▶ [WORK INSTRUCTIONS] Every line from the one with "Σπίτι στο Ηράκλειο" through the last line below should be repeated exactly; pictures stay out of the copy.

▶ [DATA]
- - - - -

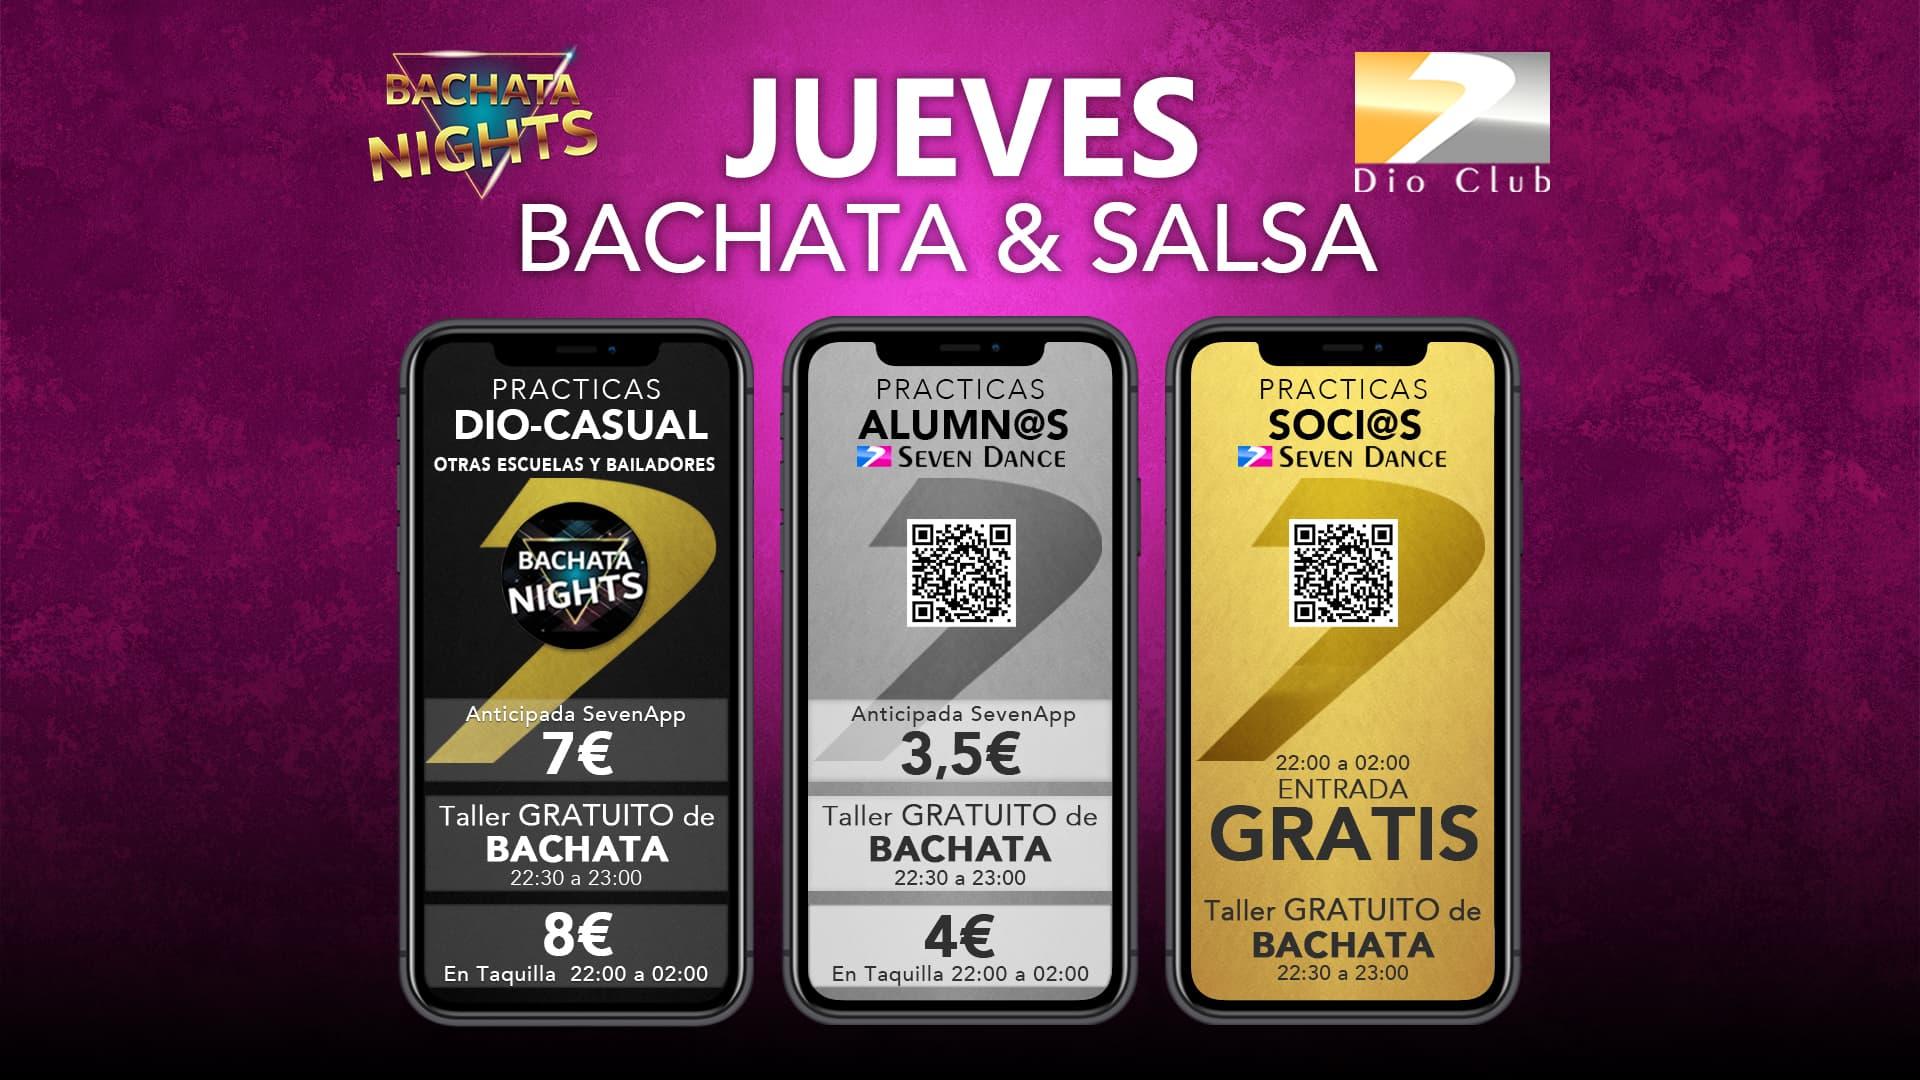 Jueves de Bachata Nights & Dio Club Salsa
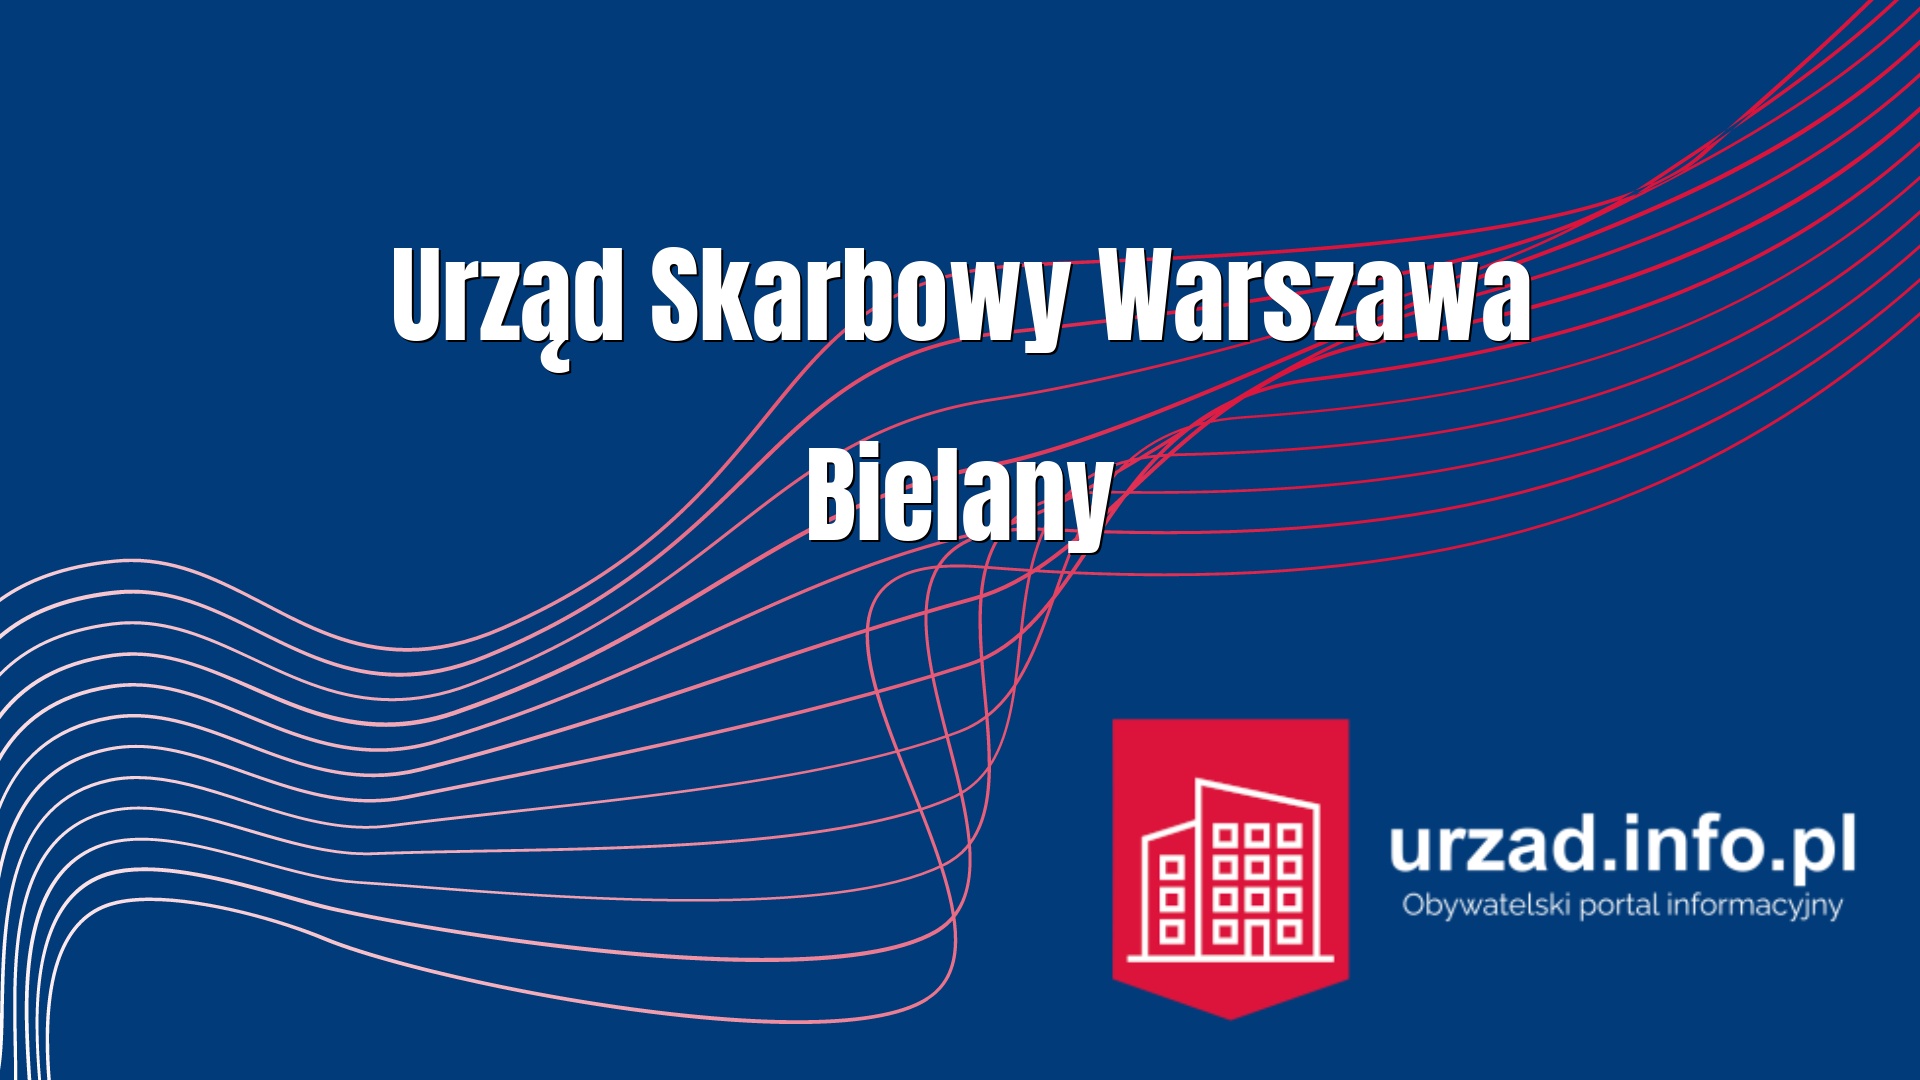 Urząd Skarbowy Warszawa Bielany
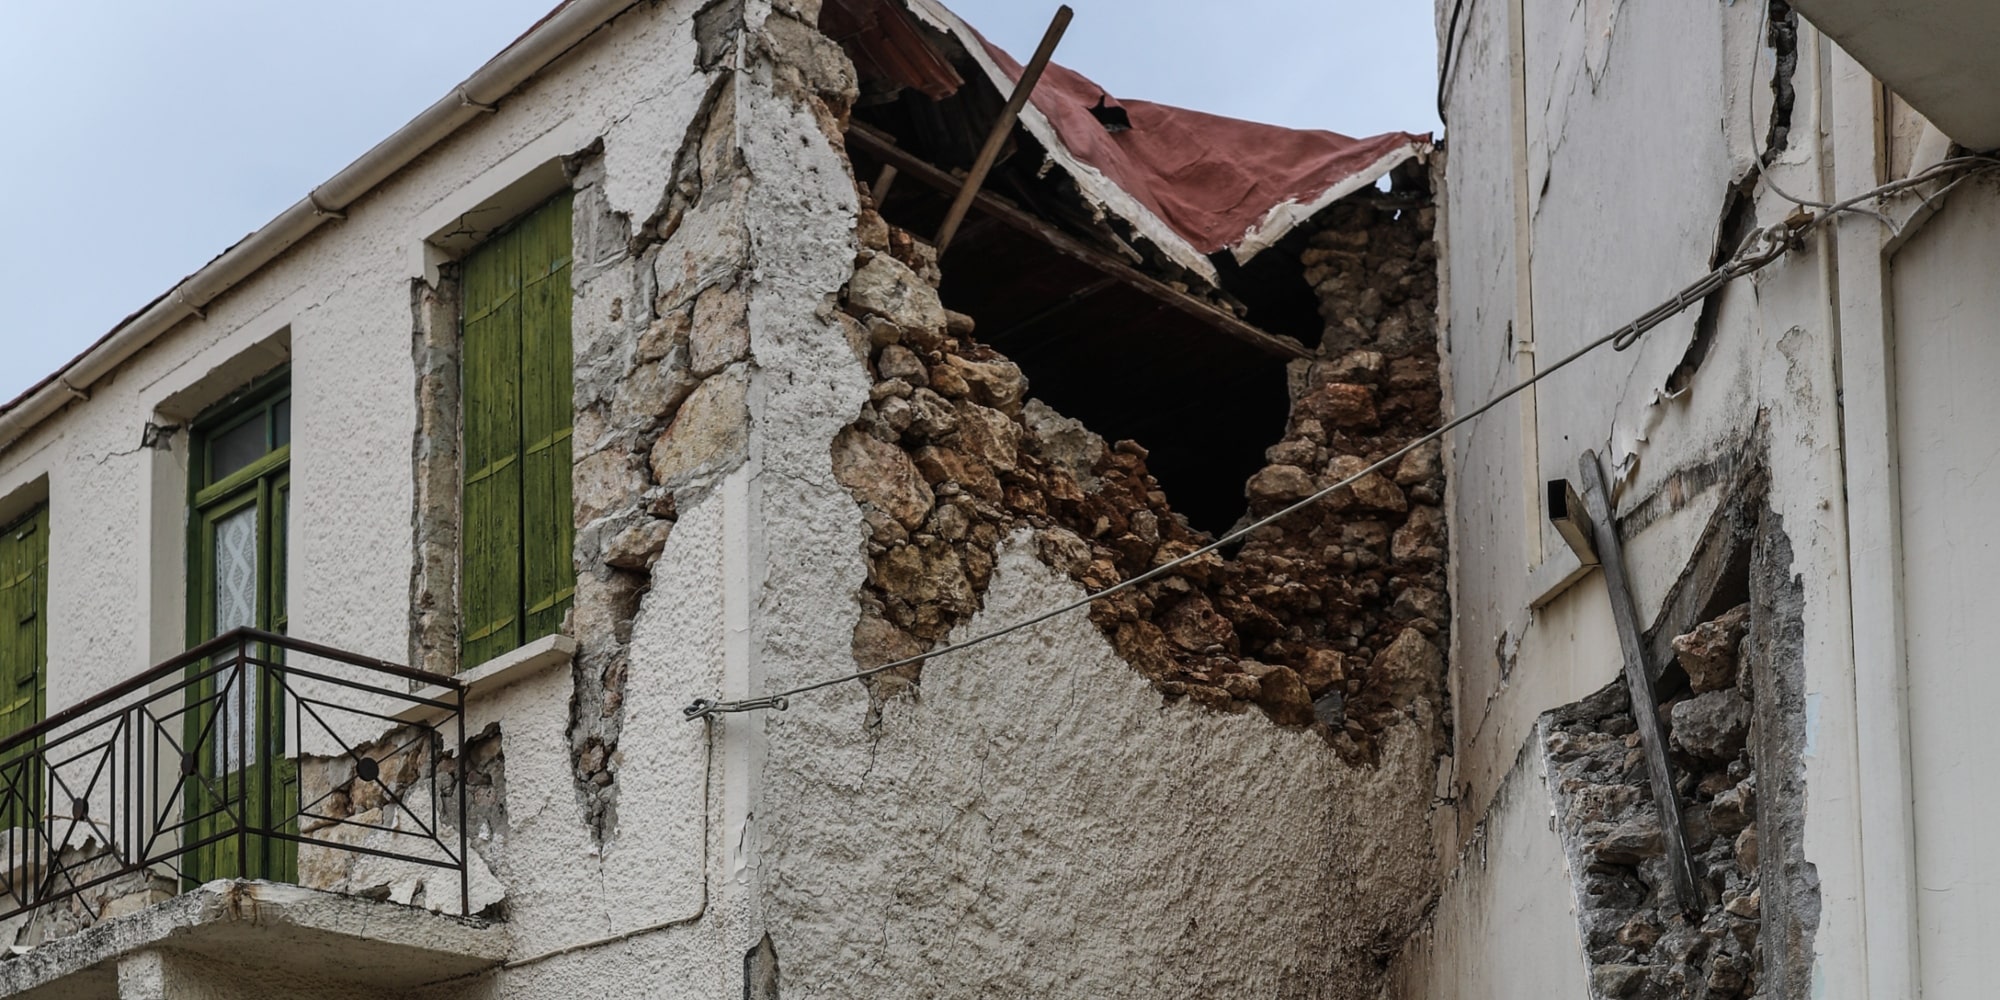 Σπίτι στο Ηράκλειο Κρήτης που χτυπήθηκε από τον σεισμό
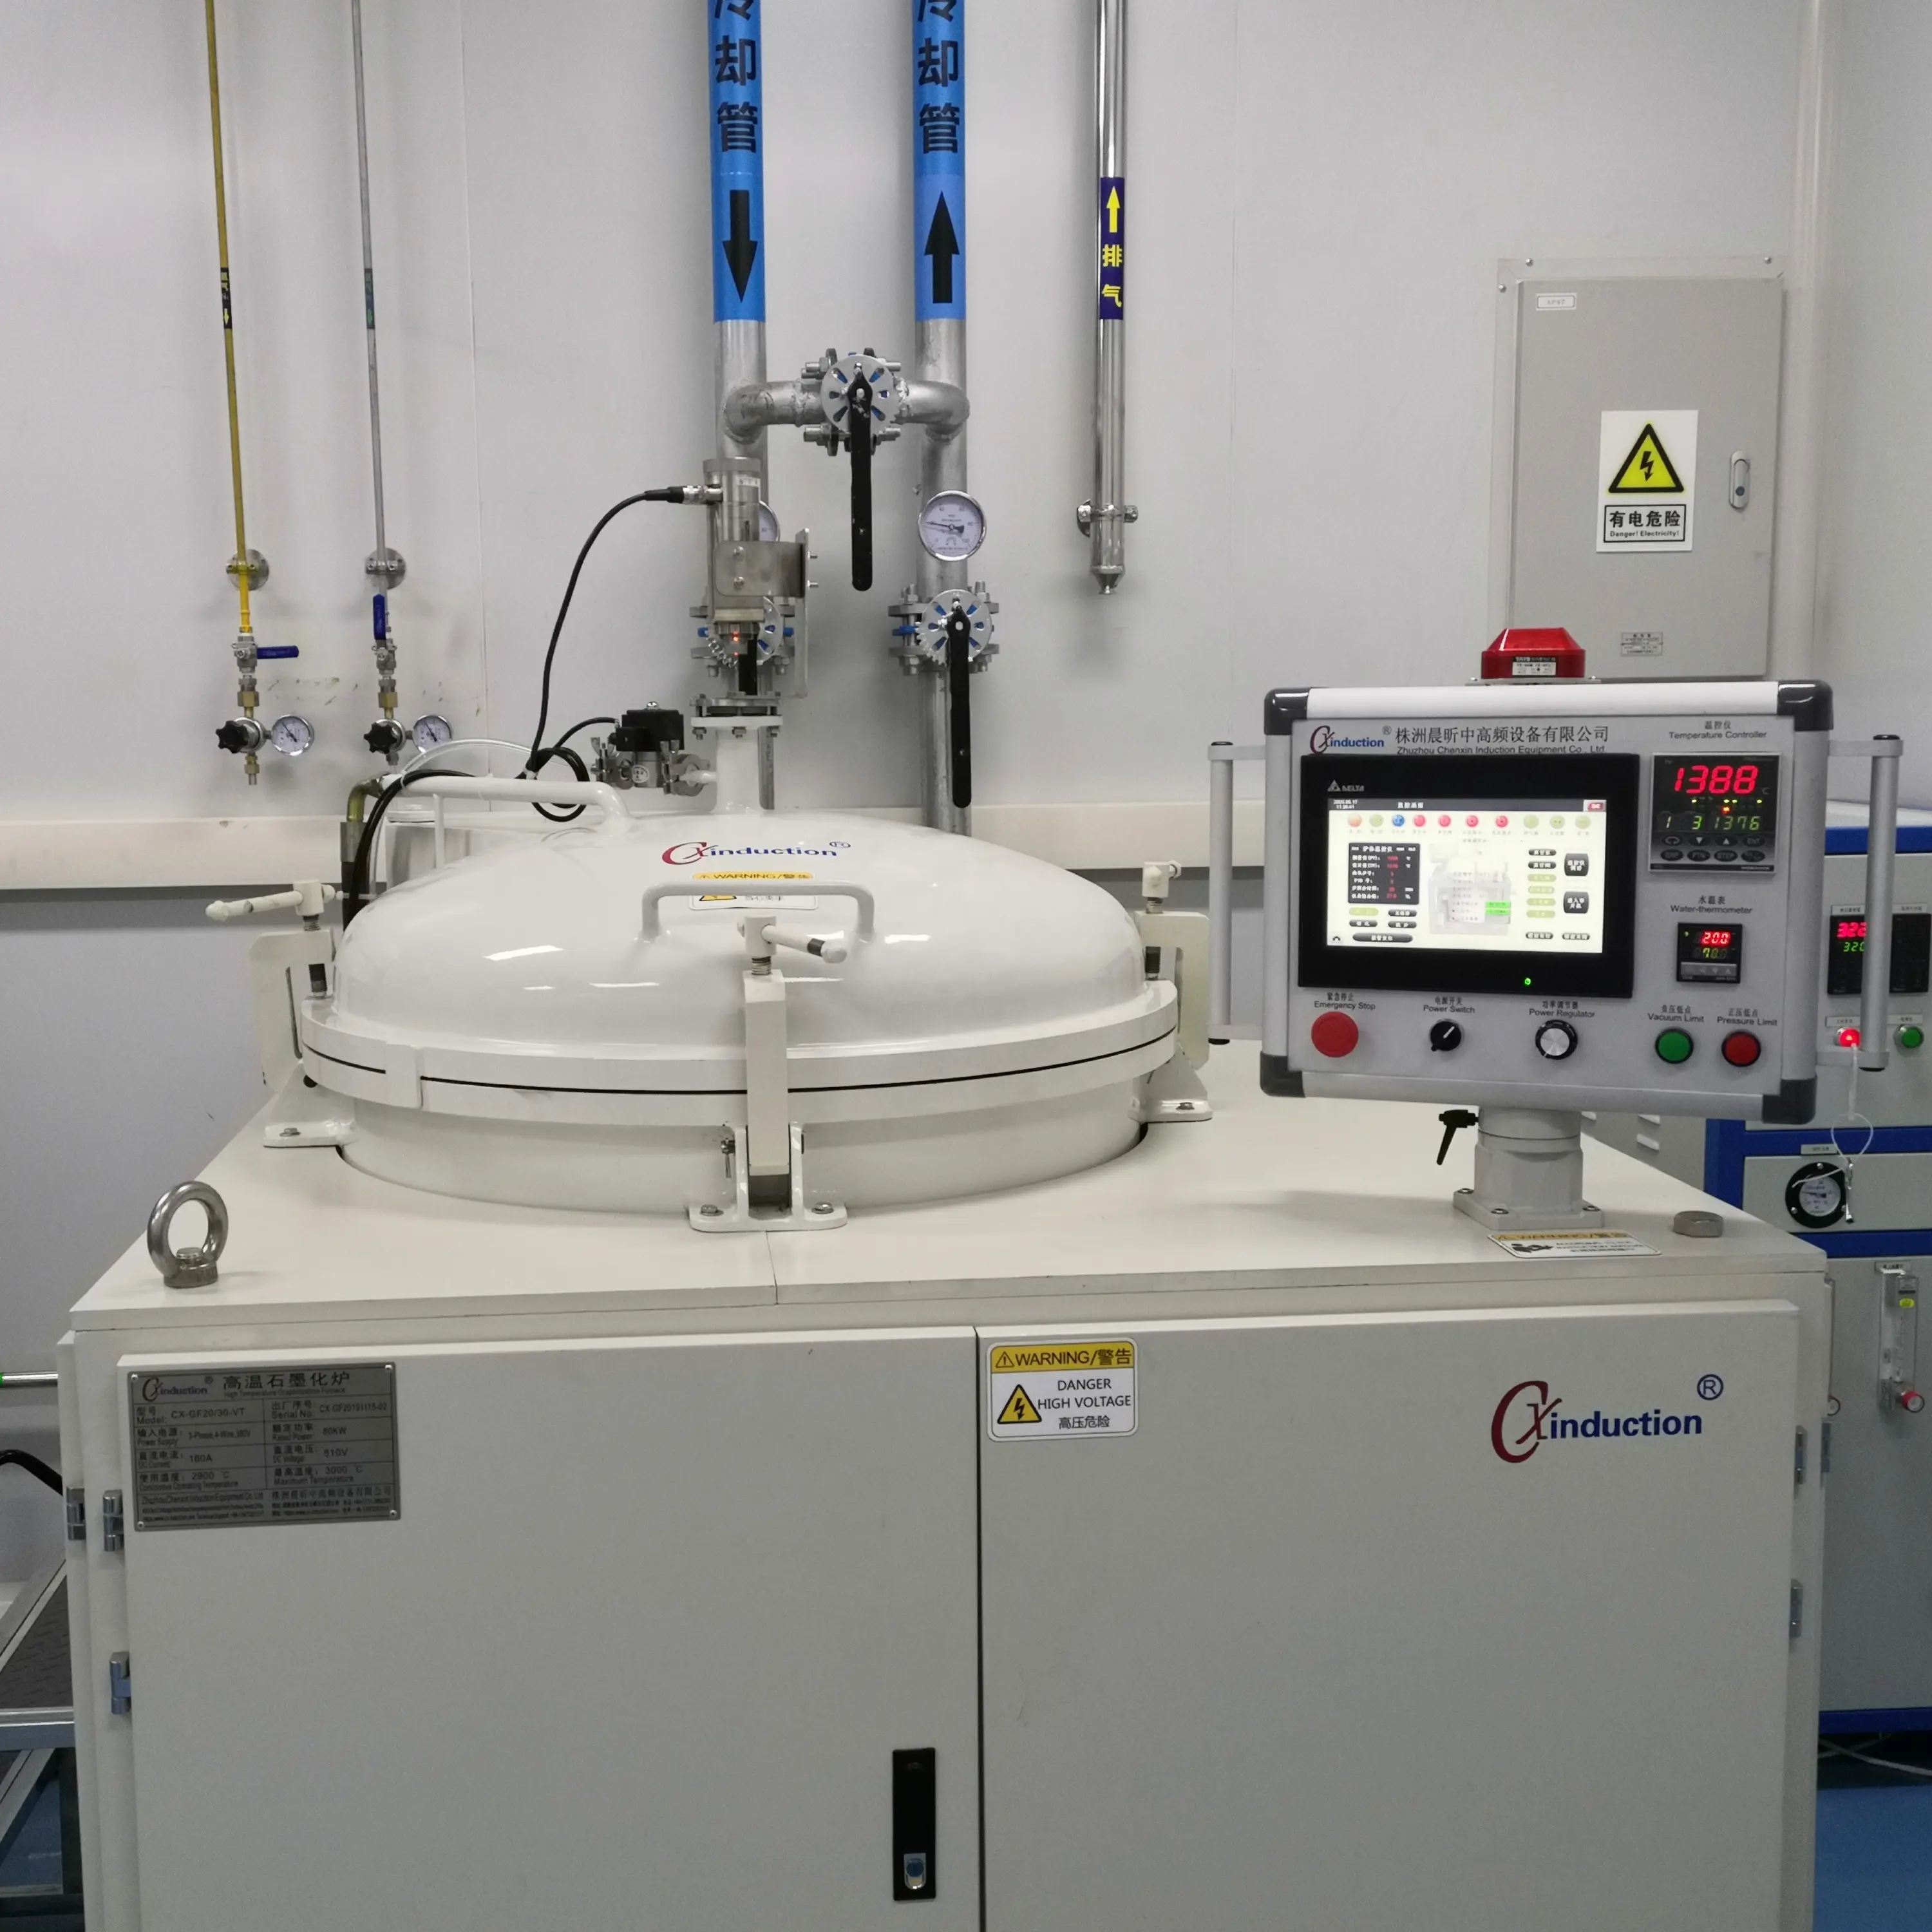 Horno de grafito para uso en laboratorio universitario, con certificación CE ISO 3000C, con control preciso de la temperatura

- - - - -

▶ [SOLVED EXERCISE]
 Σπίτι στο Ηράκλειο Κρήτης που χτυπήθηκε από τον σεισμό
 Horno de grafito para uso en laboratorio universitario, con certificación CE ISO 3000C, con control preciso de la temperatura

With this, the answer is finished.